Reproduction of part of the material below, pictures omitted: copy exactly, and only, the lines starting with the one with "Adler Toaster 4 Slice 1300W Black" and going on through the one with "Eddie Giles - Baby Be Mine on Murco".

Data for this task =>
:::::

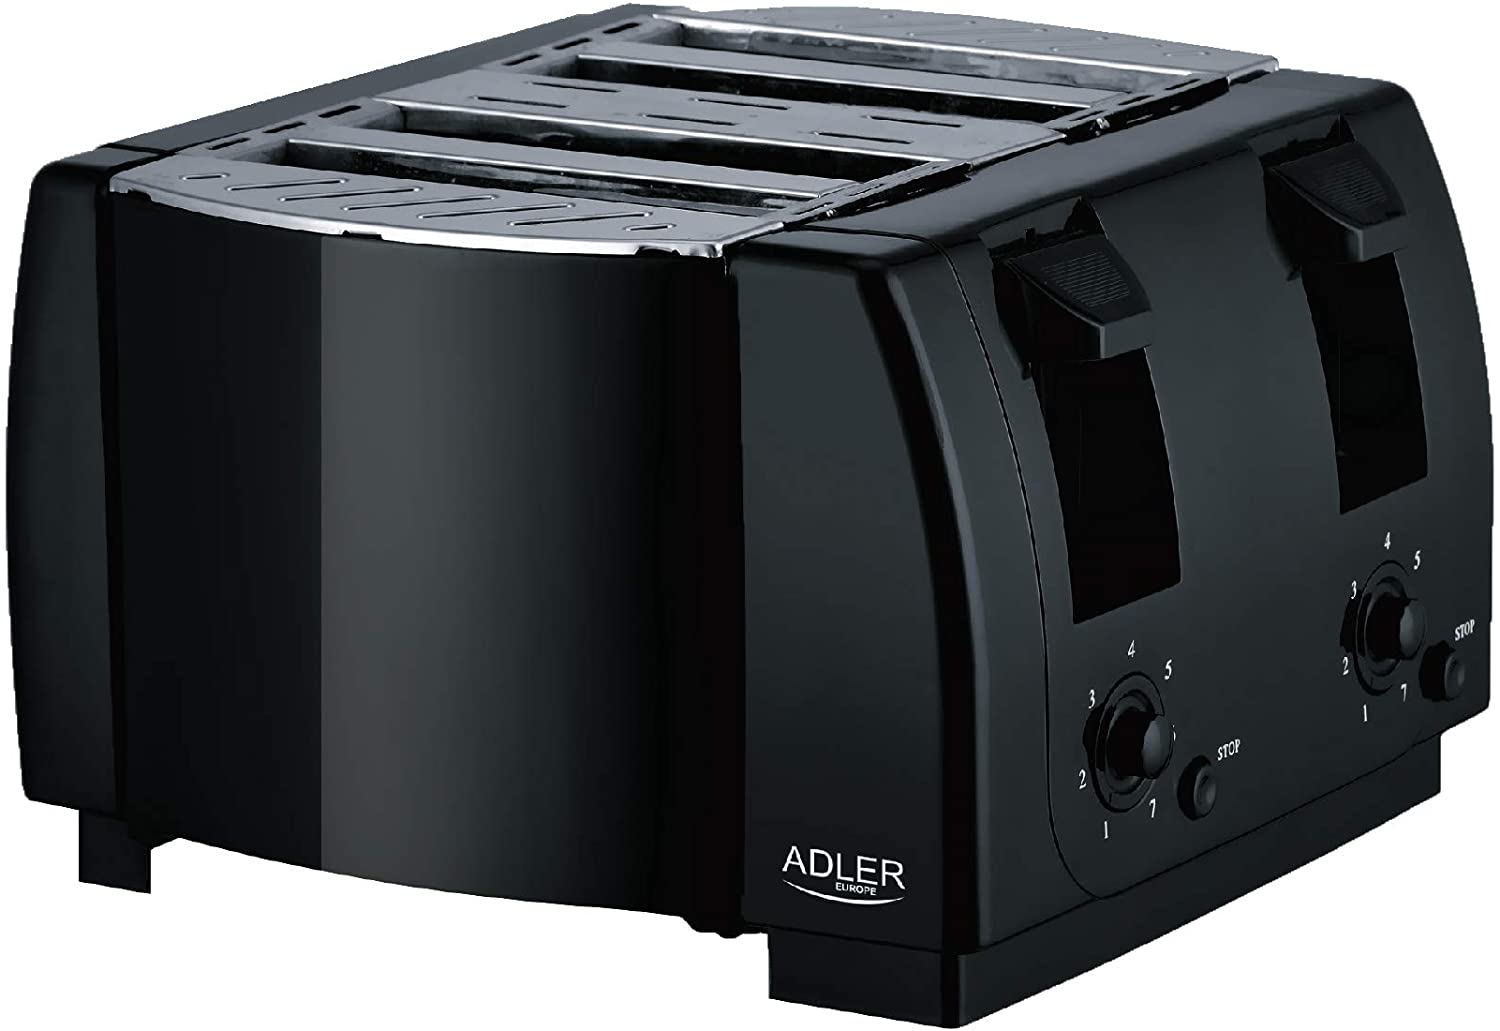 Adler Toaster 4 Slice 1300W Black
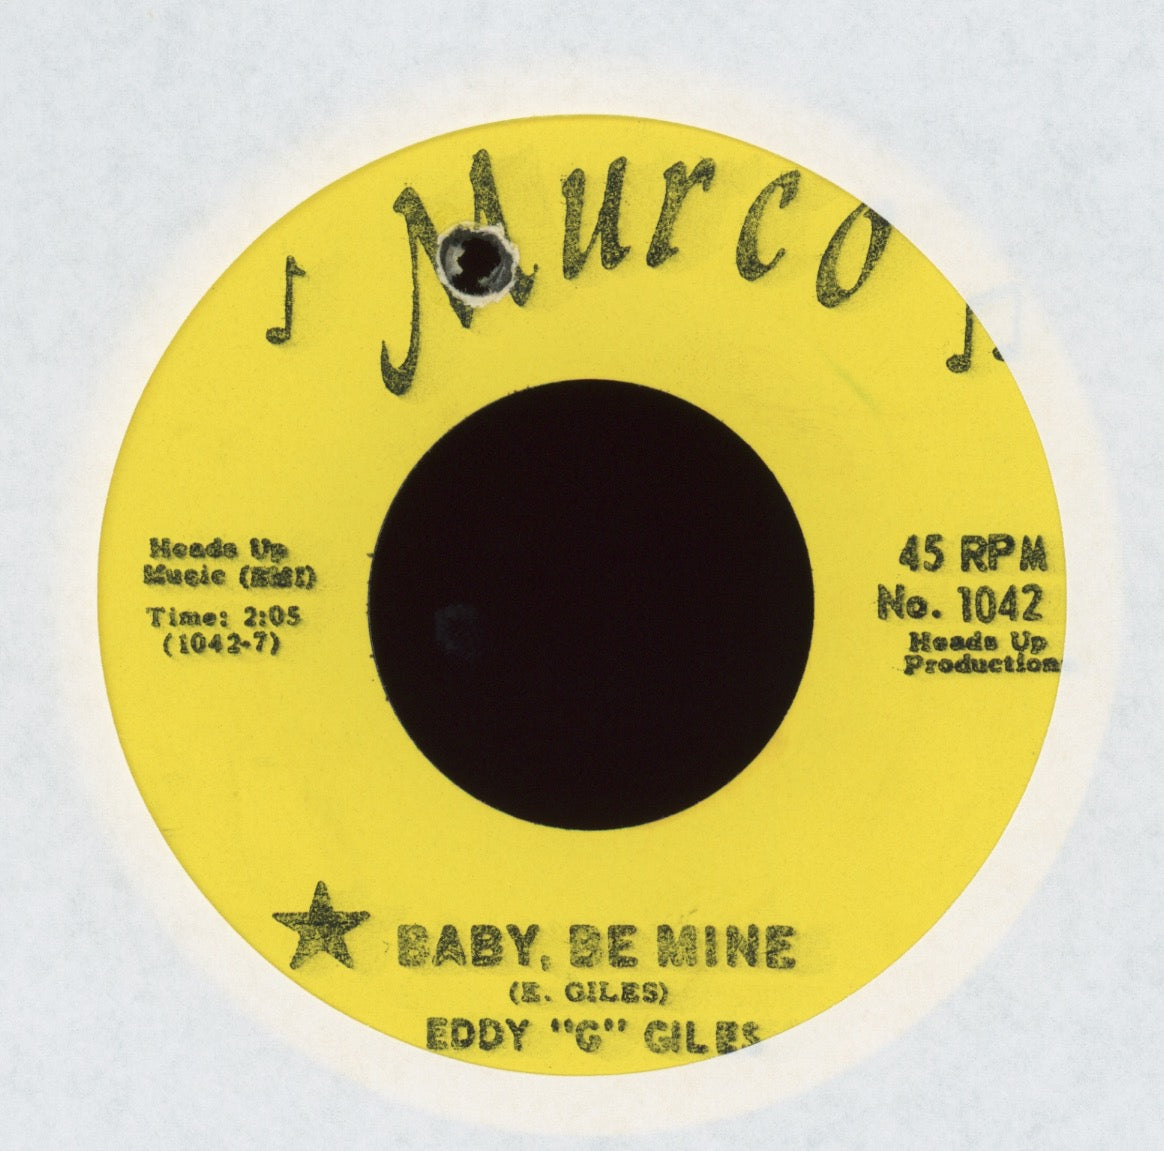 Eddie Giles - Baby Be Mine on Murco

:::::

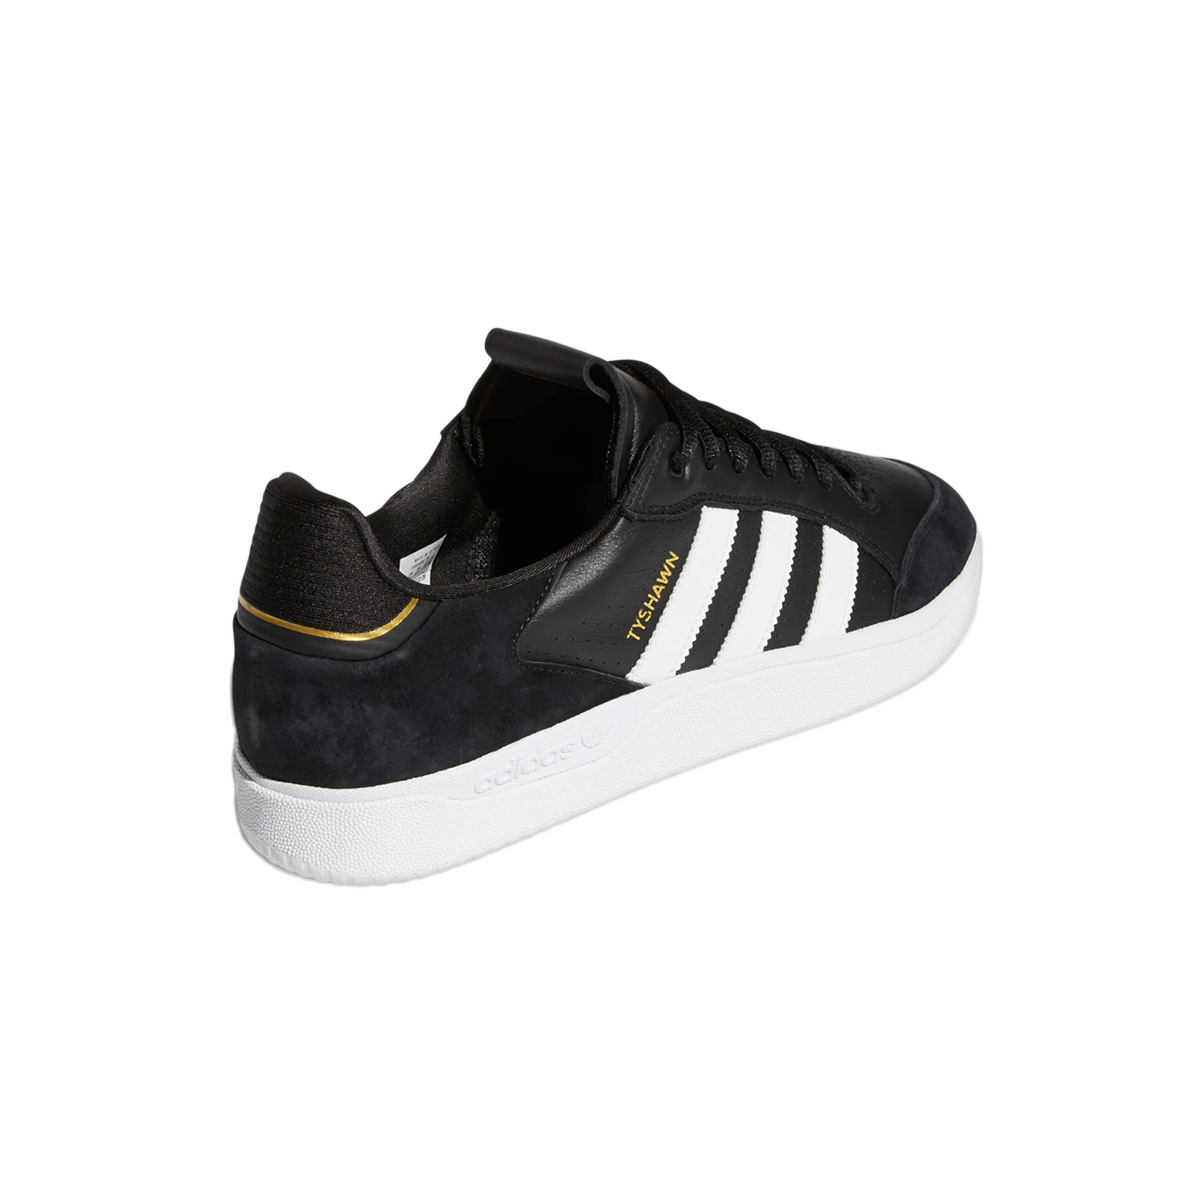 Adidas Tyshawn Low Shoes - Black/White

:::::

Solution for this problem =>
 Adler Toaster 4 Slice 1300W Black
 Eddie Giles - Baby Be Mine on Murco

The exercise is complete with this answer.